Task to carry out: Check each line of the material. Copy those containing "Silhouette".

* * *

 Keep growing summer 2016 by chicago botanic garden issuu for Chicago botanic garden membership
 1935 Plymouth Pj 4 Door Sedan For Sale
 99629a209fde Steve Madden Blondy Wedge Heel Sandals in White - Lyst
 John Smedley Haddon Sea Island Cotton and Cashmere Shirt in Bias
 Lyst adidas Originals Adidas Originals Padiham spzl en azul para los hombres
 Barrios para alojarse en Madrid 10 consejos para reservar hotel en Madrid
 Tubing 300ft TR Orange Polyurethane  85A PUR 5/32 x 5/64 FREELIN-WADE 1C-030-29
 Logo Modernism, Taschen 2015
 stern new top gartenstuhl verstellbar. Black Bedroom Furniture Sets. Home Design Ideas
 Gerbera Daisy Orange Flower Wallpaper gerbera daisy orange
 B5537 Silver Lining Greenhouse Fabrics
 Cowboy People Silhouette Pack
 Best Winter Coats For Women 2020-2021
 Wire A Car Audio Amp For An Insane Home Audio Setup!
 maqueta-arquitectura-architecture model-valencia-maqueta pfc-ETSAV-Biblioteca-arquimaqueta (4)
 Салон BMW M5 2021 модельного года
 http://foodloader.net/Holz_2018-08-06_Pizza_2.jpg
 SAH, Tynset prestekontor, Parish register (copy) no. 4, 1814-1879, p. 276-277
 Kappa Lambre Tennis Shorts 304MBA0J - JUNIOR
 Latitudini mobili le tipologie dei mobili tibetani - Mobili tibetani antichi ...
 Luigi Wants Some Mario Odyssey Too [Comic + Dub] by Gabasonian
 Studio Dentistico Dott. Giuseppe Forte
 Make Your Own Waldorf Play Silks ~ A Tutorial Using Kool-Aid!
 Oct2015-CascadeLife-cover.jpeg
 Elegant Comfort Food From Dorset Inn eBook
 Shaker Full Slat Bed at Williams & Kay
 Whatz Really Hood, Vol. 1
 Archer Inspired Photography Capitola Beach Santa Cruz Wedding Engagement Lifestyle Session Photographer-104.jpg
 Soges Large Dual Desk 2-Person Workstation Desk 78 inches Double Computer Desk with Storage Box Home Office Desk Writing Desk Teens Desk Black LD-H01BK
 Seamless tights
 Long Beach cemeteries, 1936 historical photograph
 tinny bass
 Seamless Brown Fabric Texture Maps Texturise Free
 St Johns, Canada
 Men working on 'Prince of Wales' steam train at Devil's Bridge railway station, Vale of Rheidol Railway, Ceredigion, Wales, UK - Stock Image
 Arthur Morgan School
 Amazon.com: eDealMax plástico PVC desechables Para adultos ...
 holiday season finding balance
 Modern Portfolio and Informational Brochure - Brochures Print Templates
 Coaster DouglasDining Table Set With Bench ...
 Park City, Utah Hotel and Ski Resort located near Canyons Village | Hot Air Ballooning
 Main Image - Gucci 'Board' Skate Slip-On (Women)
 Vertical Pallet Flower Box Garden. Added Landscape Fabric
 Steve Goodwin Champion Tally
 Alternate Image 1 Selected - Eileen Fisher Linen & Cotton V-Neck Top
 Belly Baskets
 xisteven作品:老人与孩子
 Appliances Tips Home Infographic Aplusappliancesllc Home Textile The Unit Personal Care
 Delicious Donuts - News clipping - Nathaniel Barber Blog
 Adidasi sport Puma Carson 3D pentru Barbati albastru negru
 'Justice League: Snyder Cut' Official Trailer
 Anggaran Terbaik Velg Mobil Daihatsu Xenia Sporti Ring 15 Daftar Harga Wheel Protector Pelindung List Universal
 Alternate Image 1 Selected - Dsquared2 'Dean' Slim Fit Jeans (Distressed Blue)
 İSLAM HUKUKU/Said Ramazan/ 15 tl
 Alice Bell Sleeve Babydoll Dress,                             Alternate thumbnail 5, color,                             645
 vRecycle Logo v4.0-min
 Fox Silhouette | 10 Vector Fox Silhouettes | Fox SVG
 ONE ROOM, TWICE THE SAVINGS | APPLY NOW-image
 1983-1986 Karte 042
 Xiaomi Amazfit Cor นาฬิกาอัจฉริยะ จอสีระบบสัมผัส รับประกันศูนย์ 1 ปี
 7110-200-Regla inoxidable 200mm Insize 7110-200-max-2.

* * *

Task response:
 Cowboy People Silhouette Pack
 Fox Silhouette | 10 Vector Fox Silhouettes | Fox SVG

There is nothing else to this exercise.